The county's Arson Task Force is investigating. Meanwhile,
a 21-year-old man was stabbed around 2 a.m. Monday morning on
Fortuna's Main Street, in an altercation between two groups of
young men. All suspects were "wearing blue sports jerseys
and blue bandanas," the Fortuna Police said. Hmm, gangs
perhaps?
HARVEST SEASON HEATS UP...
With late August marking the beginning
of the annual season of paranoia and violence in
the county's alternative agricultural production zones, tragedy
struck Southern Humboldt last week. The body of Sean Thomas-Butler
Akselsen, 18, was found near Briceland, dead of a gunshot
wound. A private investigator retained by Akselsen's family believes
that the murder is most likely the result of a drug deal gone
bad, and the Sheriff's Office wants to interview three African-American
males seen around the Garberville-Redway area the weekend of
Aug. 23-24. The three were said to be traveling in a dark green,
late `80s model Chevy Camaro.... Meanwhile, SoHum medical marijuana
activist Chris Giauque, last seen on Spy Rock Road
three weeks ago, was still missing, and his family and the
Sheriff's Office were still hoping for people to come forward
with information that could help them find him. In a bittersweet
footnote to the case, a federal judge ruled last week
that an ounce of marijuana the Sheriff's Office confiscated from
Giauque in 1999 should be returned to him... In a further pot-related
development, the Campaign Against Marijuana Planting announced
that it had seized more than 10,000 plants since the beginning
of August, including a large indoor bust in the China Creek
area last week. Oh, and a hashish laboratory
in Arcata exploded.
TOWER TRIUMPH... The Arcata Bottom's sizable contingent of anti-cell
tower activists scored a big victory when Cal-North Wireless
announced that it had dropped plans to build an antenna tower
in the neighborhood. The company's decision followed a less-than-favorable
hearing at the Board of Supervisors, where swing supe
Jimmy Smith joined John Woolley and Jill Geist
in voting to deny immediate approval of the tower. Next up: U.S.

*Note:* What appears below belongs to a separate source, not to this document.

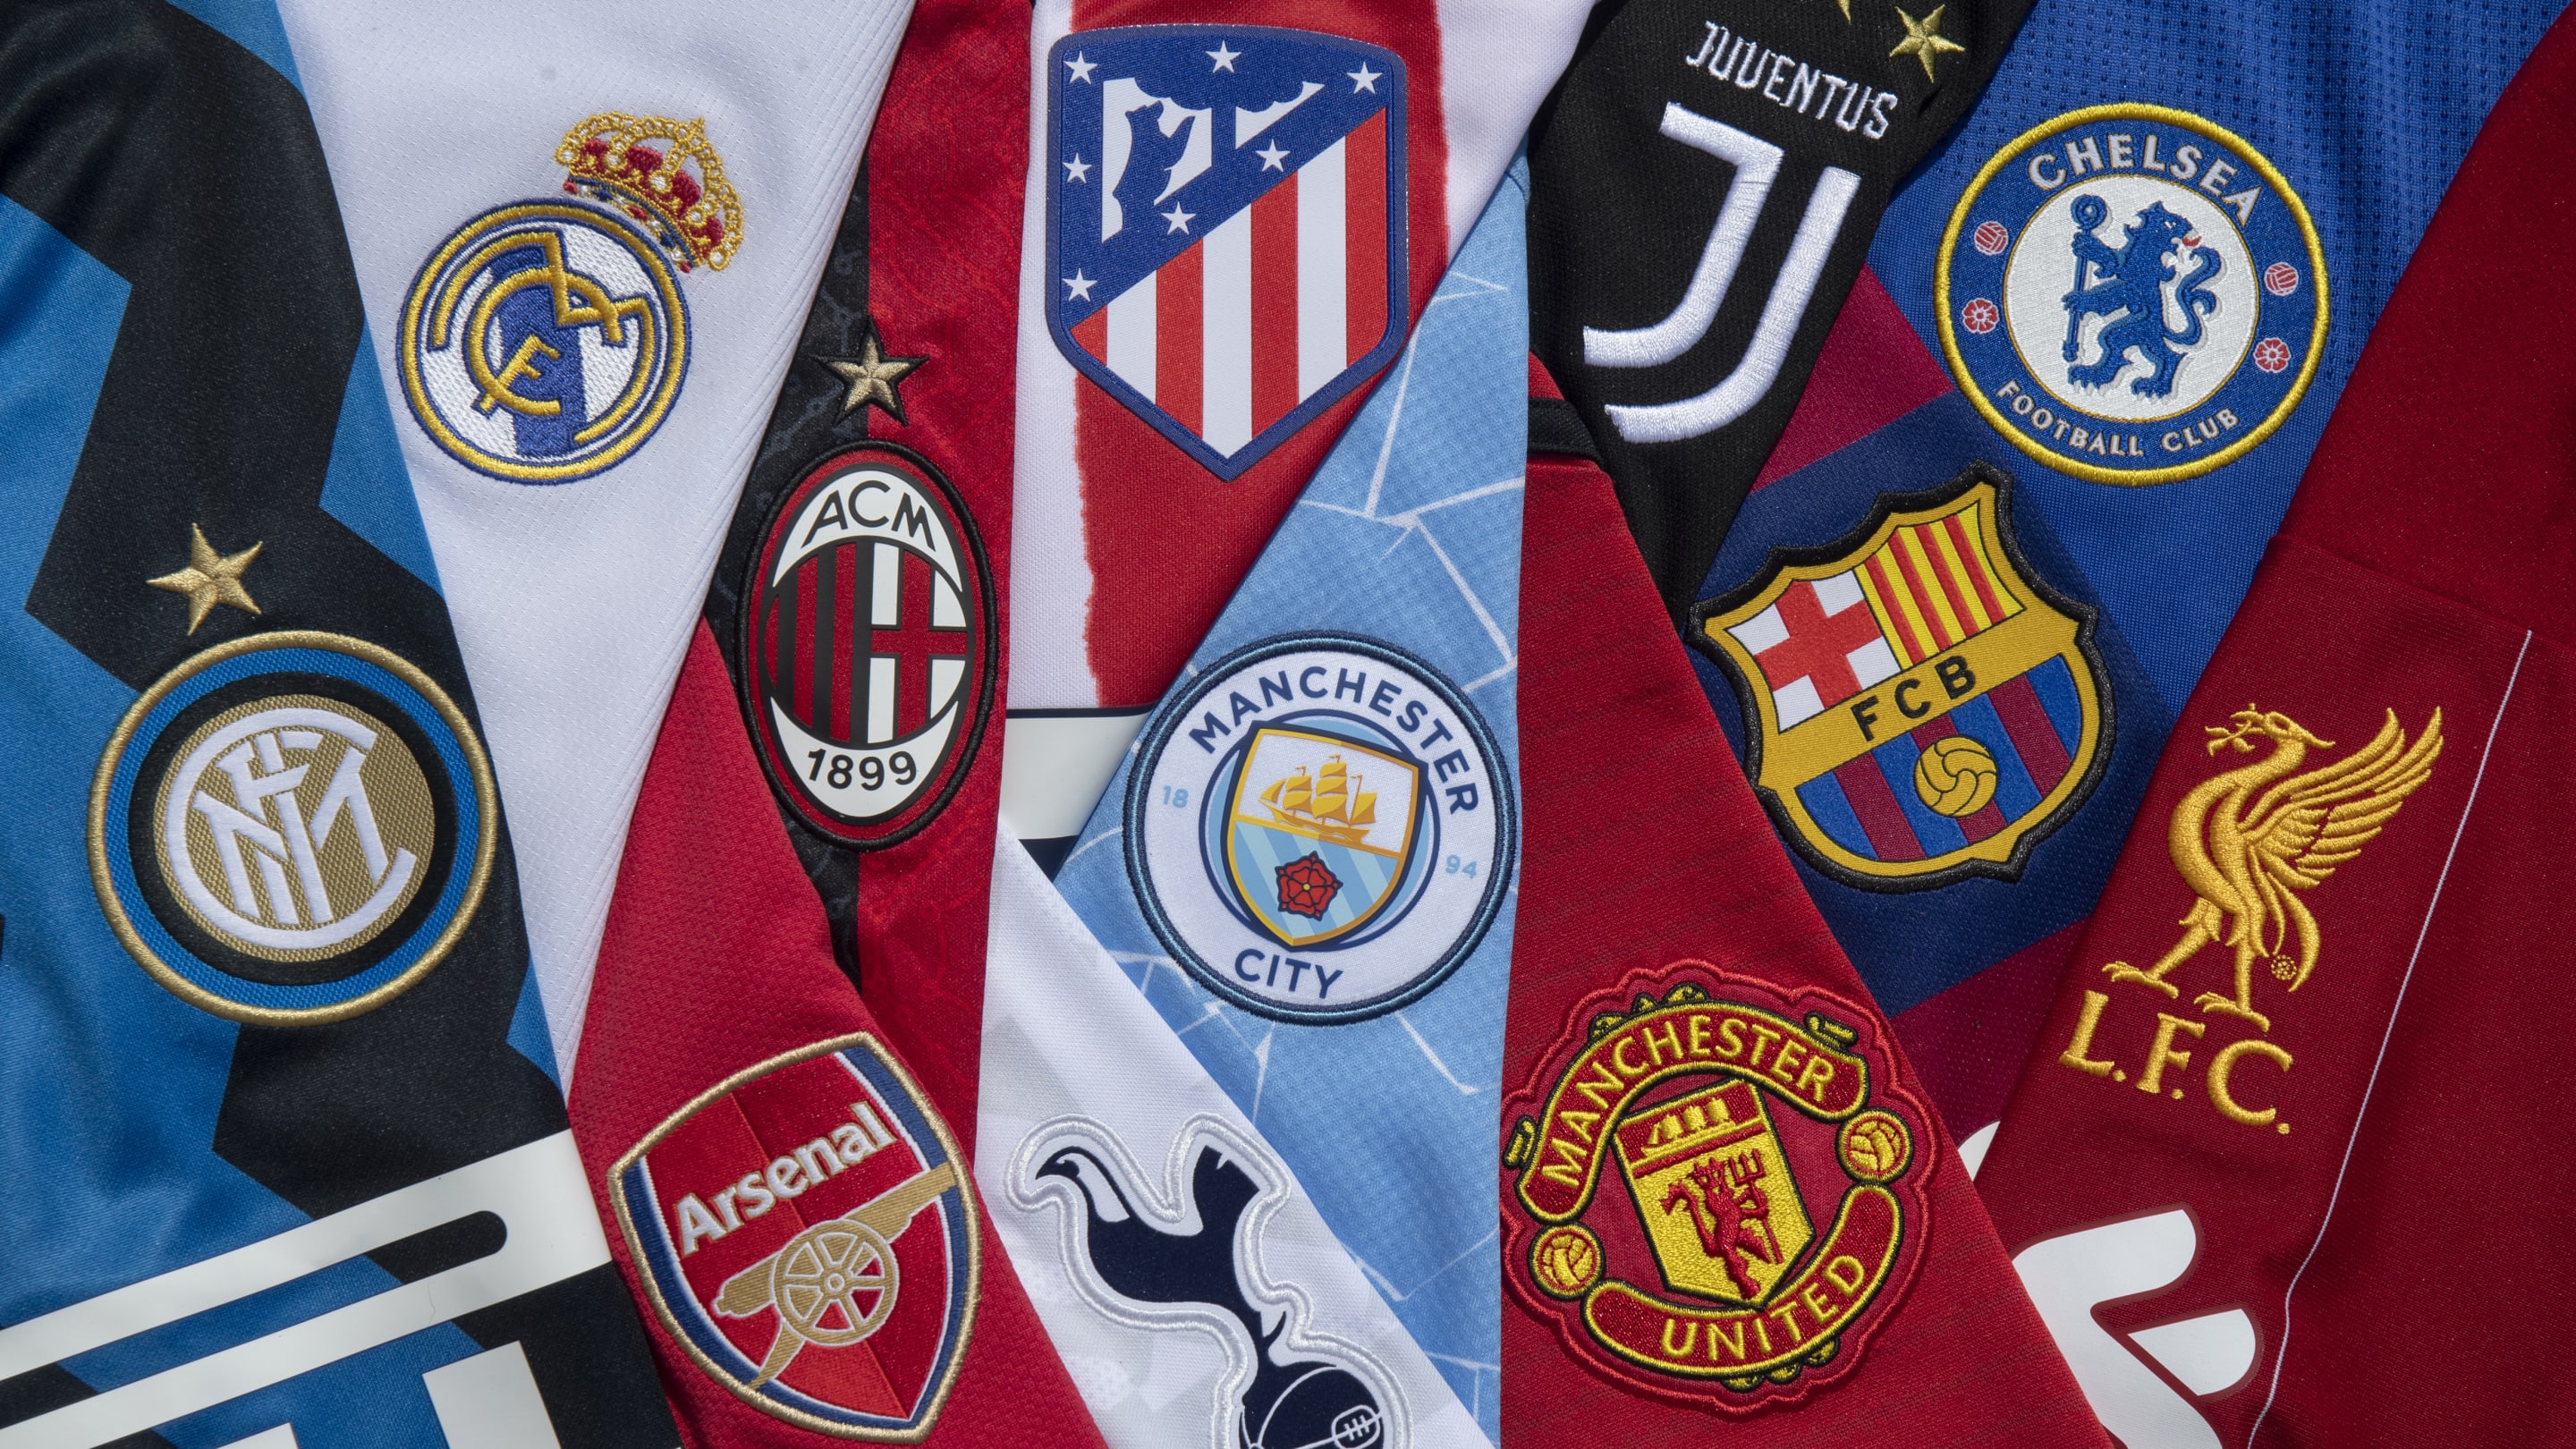 50 most valuable football clubs in the world - ranked
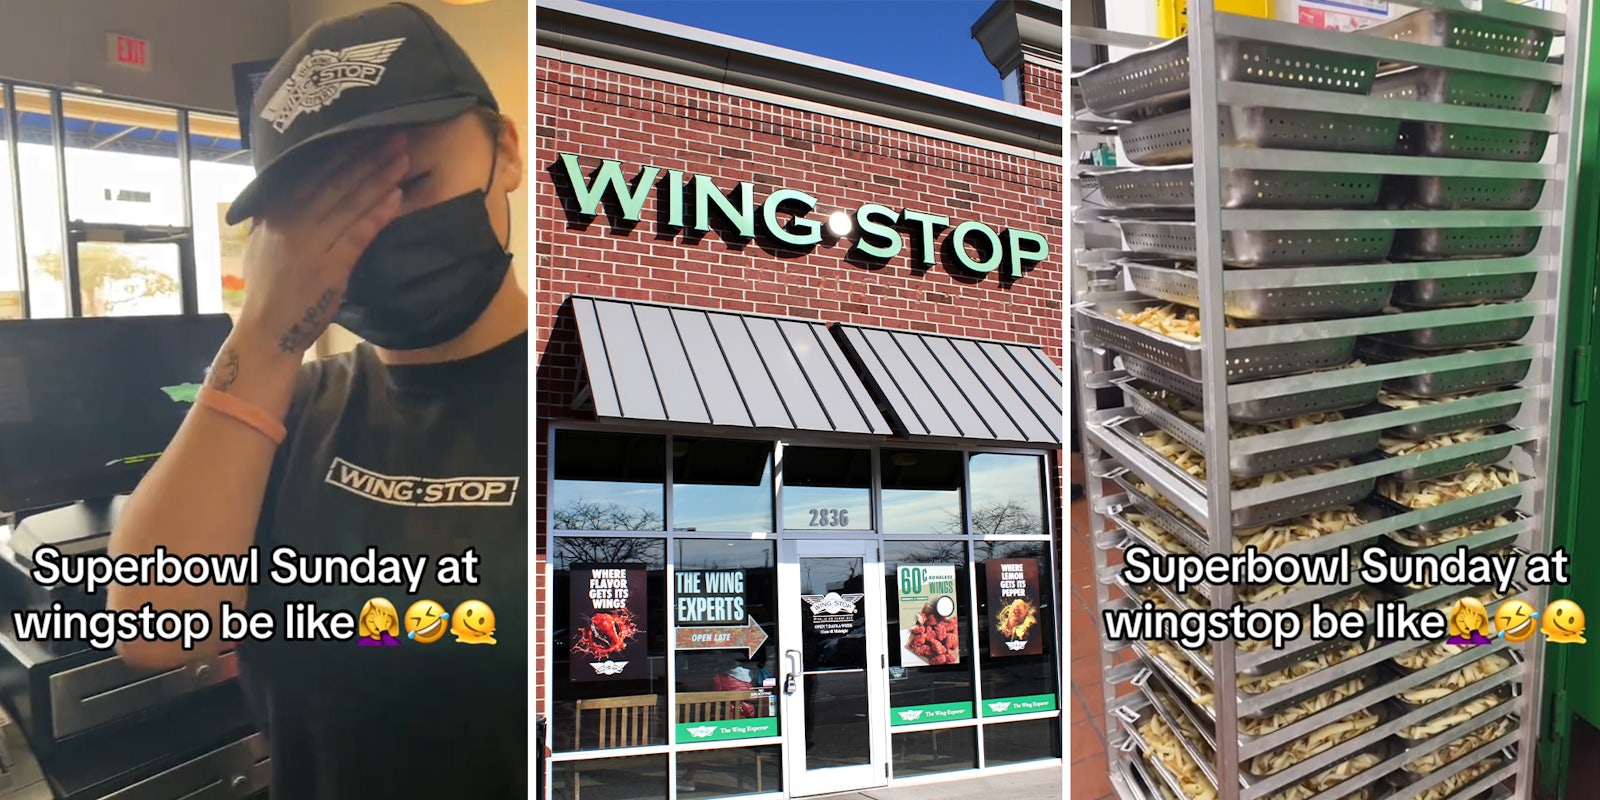 Wingstop workers show what's it like to work on Super Bowl Sunday

Cellular's plan for a tower on Sun Valley Floral
Farms property (For a good primer on the whole cell phone
issue, even if we do say so ourselves, see our Aug.
14 cover story, "Cellular Division").
OUCH... The ever-busy Lindsey McWilliams, county
elections officer, said that his office was in receipt of a new
batch of petitions -- these on a proposed state initiative that
would make it easier for the state Legislature to pass new taxes.
If word comes down from the state, as it could at any moment,
the county's elections staff will have to verify the 14,000
signatures on the petitions. On top of that, McWilliams heard
from Gallegos recall people that they were close to completing
their goal of 11,000 signatures. McWilliams fears that the way
things are going, these two things may happen simultaneously
-- putting the elections office into "a world of hurt,"
as he put it.
GET OUT THOSE SHOVELS...
The Federal Highway Administration
awarded $72 million in emergency funds to the effort to rebuild
Highway 101 near Confusion Hill. The perilous stretch
of road slid out several times last winter, leading to long delays
and, in a few cases, complete closure of the highway. The only
hitch: The entire project, which would likely involve moving
the stretch of highway to the other side of the canyon, will
have to be completed by 2008, or the federal money disappears.
CALPINE was back in the area, talking with the Greater
Eureka Chamber of Commerce about its plans to build a liquefied
natural gas entrepot and power plant somewhere on
Humboldt Bay. The Environmental Protection and Information
Center pledged to fight the project.
LAWRENCE WIESNER, the Santa Rosa accountant who lost to Mike Thompson
in last year's 1st District congressional race, is going
to be touring the lower Klamath this Saturday. According
to a press release, the Republican is "concerned about the
hysteria of some of the so-called environmentalists who through
the application of pseudo-science have caused grave injury to
the farmers in the Klamath Basin." Evidently Wiesner is
gearing up to challenge Thompson again next year -- but why is
he stumping for Oregon votes?
COASTAL COMMISSION MEETS...
The September meeting of the California
Coastal Commission takes place at the Eureka Inn, Wednesday,
Sept. 10 through Friday, Sept. 12. Since the commission only
makes it to Humboldt County once a year, the Eureka Chamber of
Commerce will hold a meet-and-greet dinner for commissioners
at 5:30 p.m. Thursday at O-H's Townhouse in Eureka. Cost: $35
per person. Call for reservations by Sept. 4.
CORRECTION... A story
in the Aug. 21 issue misstated the professional position held
by David A. Neumann. He is the executive director of the
National Partnership for Immunization.
SECOND OF TWO PARTS:
Boom Time
Its troubled past largely forgotten,
Shelter Cove is going gangbusters
(Part
One in Aug. 28 edition)
by GEORGE RINGWALD
Linda Yates, real estate broker
for Lost Coast Properties, remembers that "it was very quiet
here" when she moved to Shelter Cove from Lake Tahoe in
1966. "There were hundred of lots for sale," she notes.
"And it took me almost a year to make my first sale.
"It really
did not take off until 1998, and then `99 was very busy; 2000
I would call a feeding frenzy. People were just coming in and
wanting to write offers. At times you didn't even have to go
out and show property. There were so many people coming in and
out, looking at real estate, wanting maps, listings of lots.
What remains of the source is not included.